What high-quality sources establish vs. don’t

Established:

  • Davis is a real DoD-program consultant since 2007
  • He authored real AATIP studies (wormholes, exotic propulsion)
  • He was Stratton’s UAPTF science advisor
  • He’s now at Aerospace Corporation as Senior Project Engineer
  • The Wilson-Davis memo exists; Davis is its likely drafter; the content is contested by Wilson; the meeting authenticity is unverified
  • The 2004 Teleportation Physics Study is real and cites Geller-style PK
  • Davis has carried multiple narratives from anonymous sources (DIA scientist Skinwalker visit, etc.)

Not established:

  • Whether the Wilson-Davis memo’s substantive content is true
  • Whether Davis has direct first-hand knowledge of crashed UFO material or whether his “We couldn’t make it ourselves” comment reflects analysis of materials he saw vs. material he was told about
  • Whether the alleged crash-retrieval programs Davis references in various contexts actually exist
  • Whether Davis’s epistemic priority on the first-term Trump briefing is unrivaled (Stratton or Taylor could publicly contradict him)

Cross-references

Primary sources cited in this profile

  1. NYT, July 23, 2020 — Blumenthal/Kean article including Davis’s “We couldn’t make it ourselves” quote (URL access blocked from automated fetch; available via archive)
  2. Politico, May 18, 2022 — Bryan Bender, “‘A glowing red orb’: Wild UFO theories move from the shadows to Congress” — Wilson-Davis memo at House Intelligence hearing, Taras Matla quote, John Greenewald quote, Davis declining interview (archive.ph/EcOK1)
  3. Popular Mechanics, Feb 14, 2020 — Davis on Skinwalker DIA scientist; Reid framing of AAWSAP origins
  4. Metabunk thread (Jul 24, 2020) — Mick West analysis of NYT 2020 quote framing; Curt Collins on Davis’s move to Aerospace Corp; community discussion
  5. Skeptical Inquirer, Nov 2020 — “UFOs Come Out of the Shadows.

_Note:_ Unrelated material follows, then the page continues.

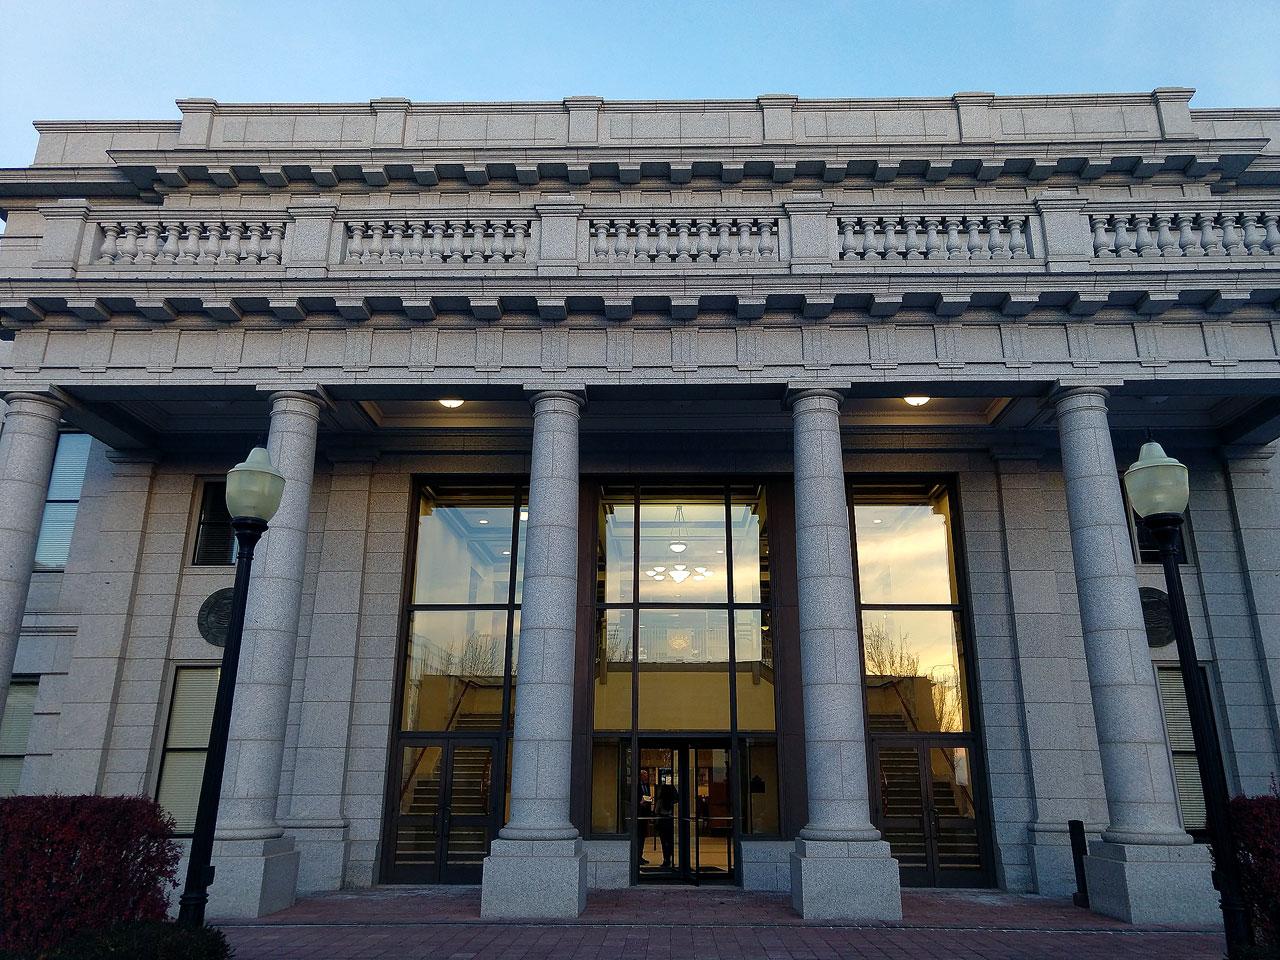 Utah State Capitol wing

Again. Perhaps.” (general AATIP/Davis-network skeptical analysis; Davis not named directly in this piece)
  6. Wikipedia: Advanced Aerospace Threat Identification Program — Davis’s wormhole study citation
  7. Wikipedia: Harold E. Puthoff — EarthTech / Stargate Project context
  8. Davis’s own May 2026 LinkedIn post — see davis-coulthart-trump-legacy-briefing-exchange-may-2026

These are the high-quality sources. Lower-tier sources (Coast to Coast AM appearances, contactee-friendly podcast interviews, Davis’s own EarthTech-published papers) exist but aren’t load-bearing for the credibility assessment. The high-quality sources are sufficient to place Davis in the credibility framework.